Citi's Mark Mahaney offers up a very useful "cheat sheet," and here are some highlights: Pro forma operating income expected to be about $330 million, though anything less than $300 million would be negative; operating margin of about 5.1 percent (Citi expects 4.7 percent); North American revenue growth of 13 percent, better than 15 percent good, but under 12 percent bad; North American gross margin of 22.3 percent; International revenue growth of 6 percent; International gross margin of 18.5 percent; and a Third Party mix percentage of 25 percent to 30 percent.

As far as guidance is concerned, the Street is looking for operating income of $261 million on $4.598 billion and for the entire year 2009, operating income of $1.2 billion on $21.3 billion.

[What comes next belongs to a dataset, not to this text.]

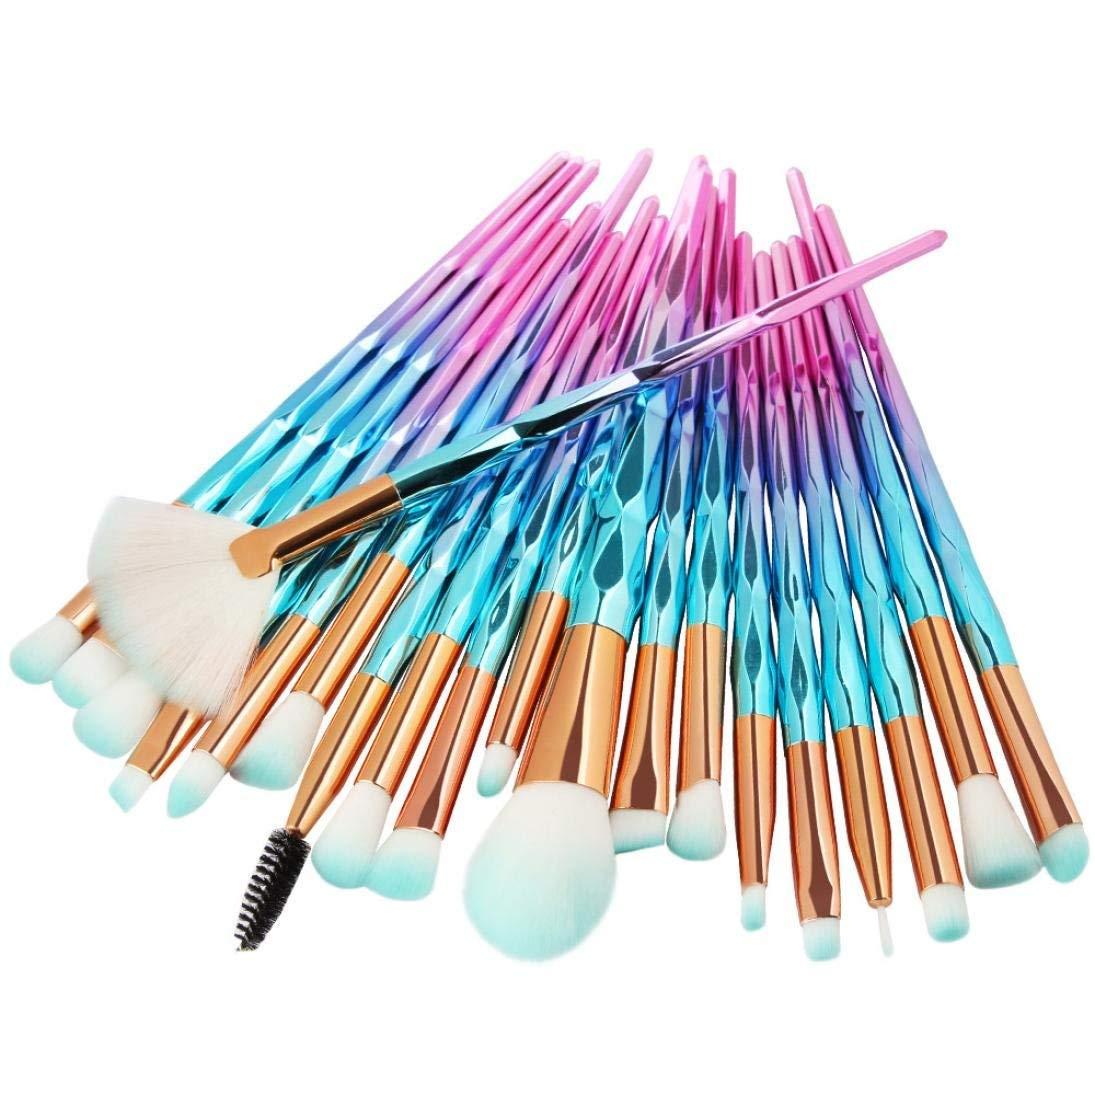 Eyeshadow Brushes,Makeup Brushes Set Professional,Posional 2018 | Professional Makeup Brush Set | Cosmetic Make Up Brushes | Foundation Brushes |Face Makeup Brushes|Concealer (Gradient Blue)

Analysts will also be looking for some commentary on the company's Kindle electronic book reader. The company sorely underestimated the popularity of the device heading into the holiday shopping season, announcing a 3 to 4 month back-order delay after Oprah Winfrey featured the Kindle, and Amazon CEO Jeff Bezos, on her show, calling it the best device she's ever seen. As Amazon seeks to replenish the supply chain with the $399 device, there's rumors that the company will upgrade and update the device with a newer version as soon as next month, and that part of the product shortfall came from Amazon trying to clear the channel. It's just that the channel cleared a lot sooner than anyone anticipated.

Amazon has scheduled a significant media event in New York City on February 9 and there's speculation that it might center on the new and improved Kindle.

Meantime, Amazon shares dropped 30 percent during the quarter and 45 percent during 2008.